HiO brings pop-up vibe to new store concept

Discussion
Sep 27, 2018

If shoppers are looking for something they’ve never seen before in the brands they buy, then Brooklyn’s new HiO might have what they’re looking for. The new retailer brings together eight brands from overseas (and one U.S.-based brand), some of which have never appeared in the U.S. until now.

HiO launched in downtown Brooklyn toward the end of the summer and, as reported on CNBC, comes at a time when foreign brands still see the U.S. as the biggest potential market for growth, but are skittish about taking big steps given the wave of store closures seen here. Co-founder Sever Garcia pointed to similar retail concepts abroad that ease the move of foreign brands into new markets and said consumers are “hungry for newness.” The brands found in HiO vary in category; customer can find women’s accessories, embroidered bags, travel items, sunglasses, candles and oil diffusers, makeup and notebooks.

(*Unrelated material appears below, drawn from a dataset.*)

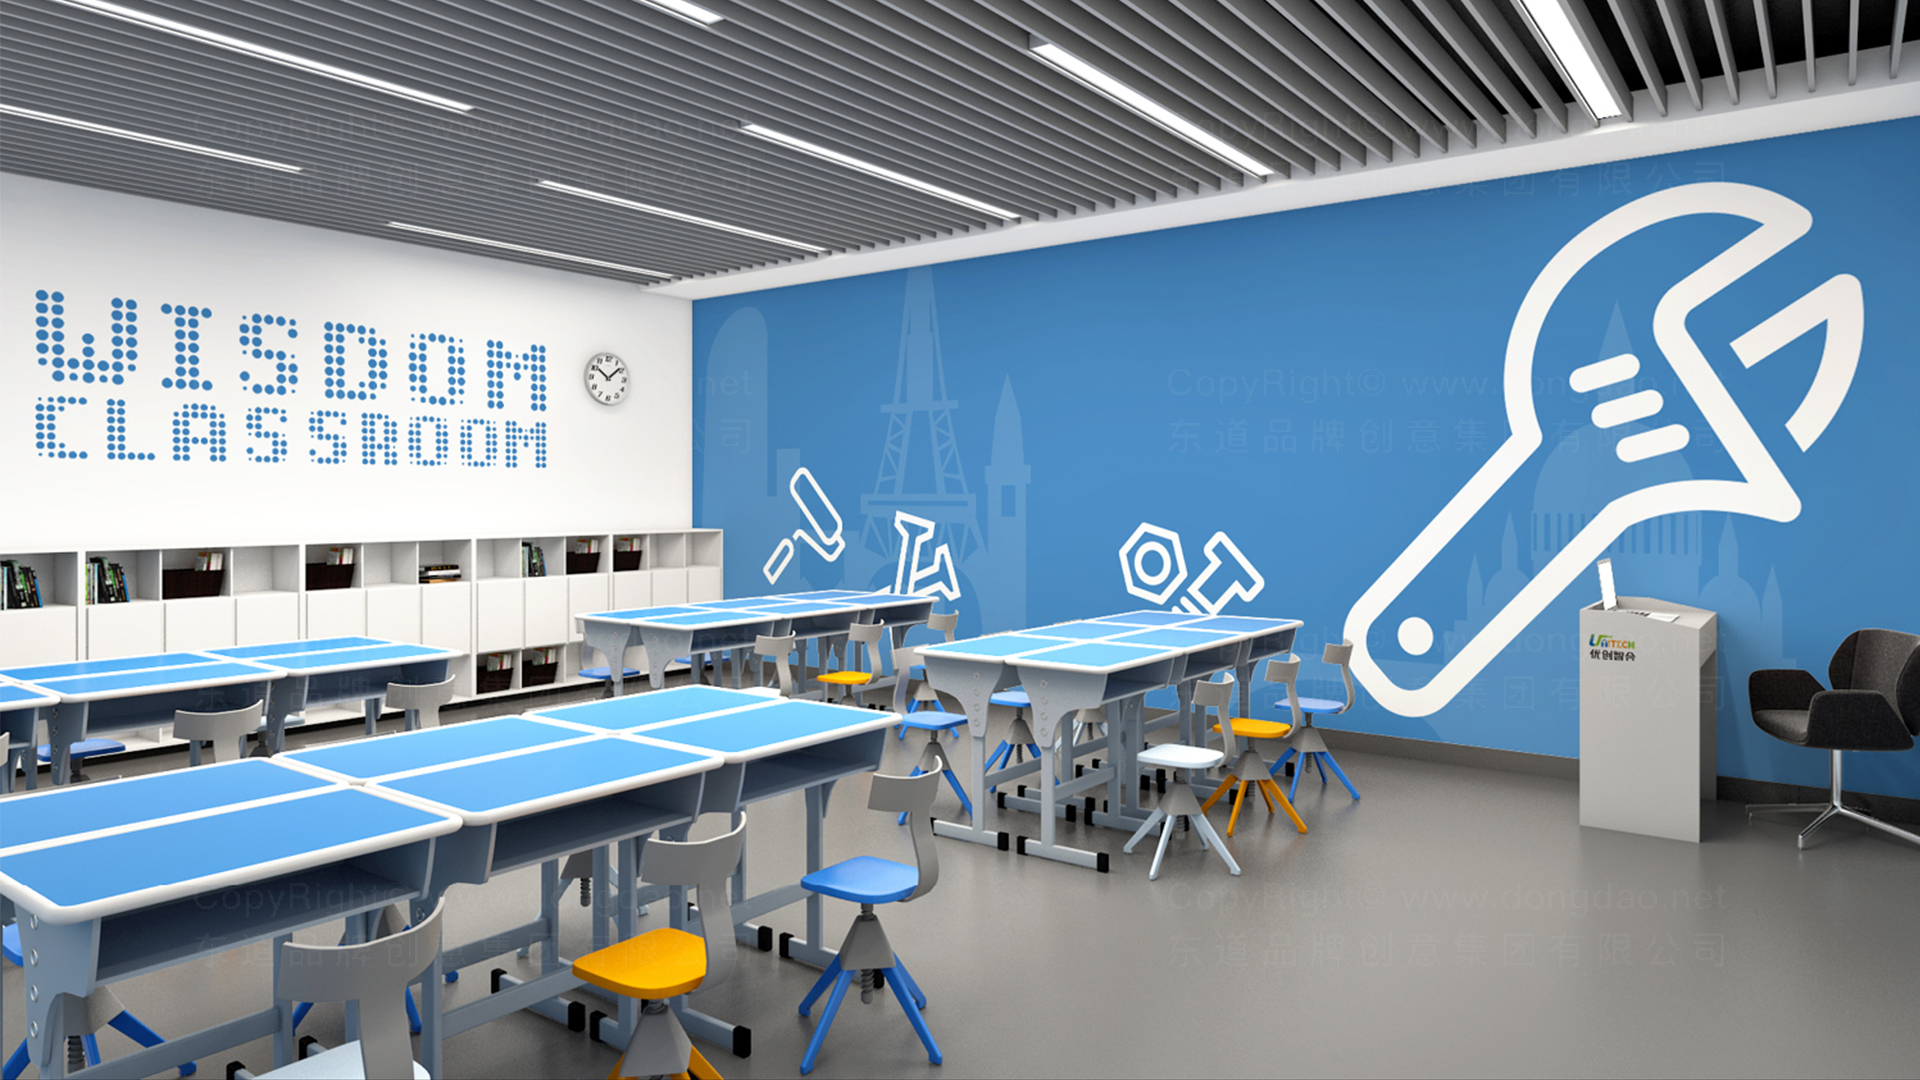 IT通讯商业空间&导示优创智合虚拟店SI平面布局图设计

The concept bears some similarity to other recent headline-making retail concepts, which have provided space for multiple brands — either permanent or rotating — around a particular theme.

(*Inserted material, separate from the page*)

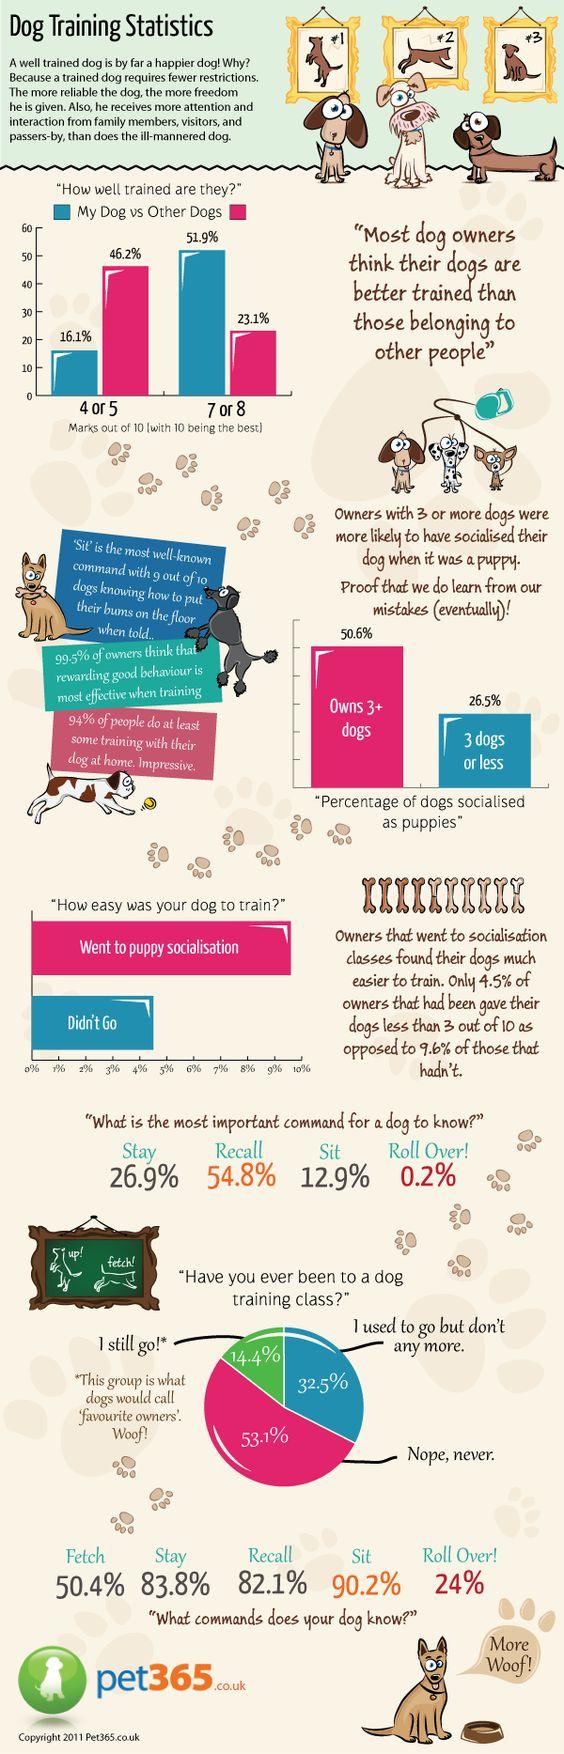 Dog Training Information

Earlier this year in NYC, for instance, a pop-up retailer called Consortium launched a concept dedicated to customizable health and beauty products. 

Bigger retailers have been exploring the model, as well. Earlier this year, Macy’s launched its pop-up concept, The Market @ Macy’s, and began leveraging b8ta, a platform that allows otherwise online-only brands to find a place in-store on Macy’s shelves.

And the Roosevelt Field shopping mall in Long Island has had success with its Edit @ Roosevelt Field pop-up space, dedicated mostly to a rotating lineup of online-only brands.

In fact, the HiO concept had run previously as a part of the popular Edit @ Roosevelt Field pop-up space according to CNBC. The creators of HiO envision the concept as filling empty retail real estate elsewhere in the U.S. They did not indicate if the same overseas brands now in the Brooklyn location would appear on the shelves of other HiO stores or if each proposed location would have its own assortment.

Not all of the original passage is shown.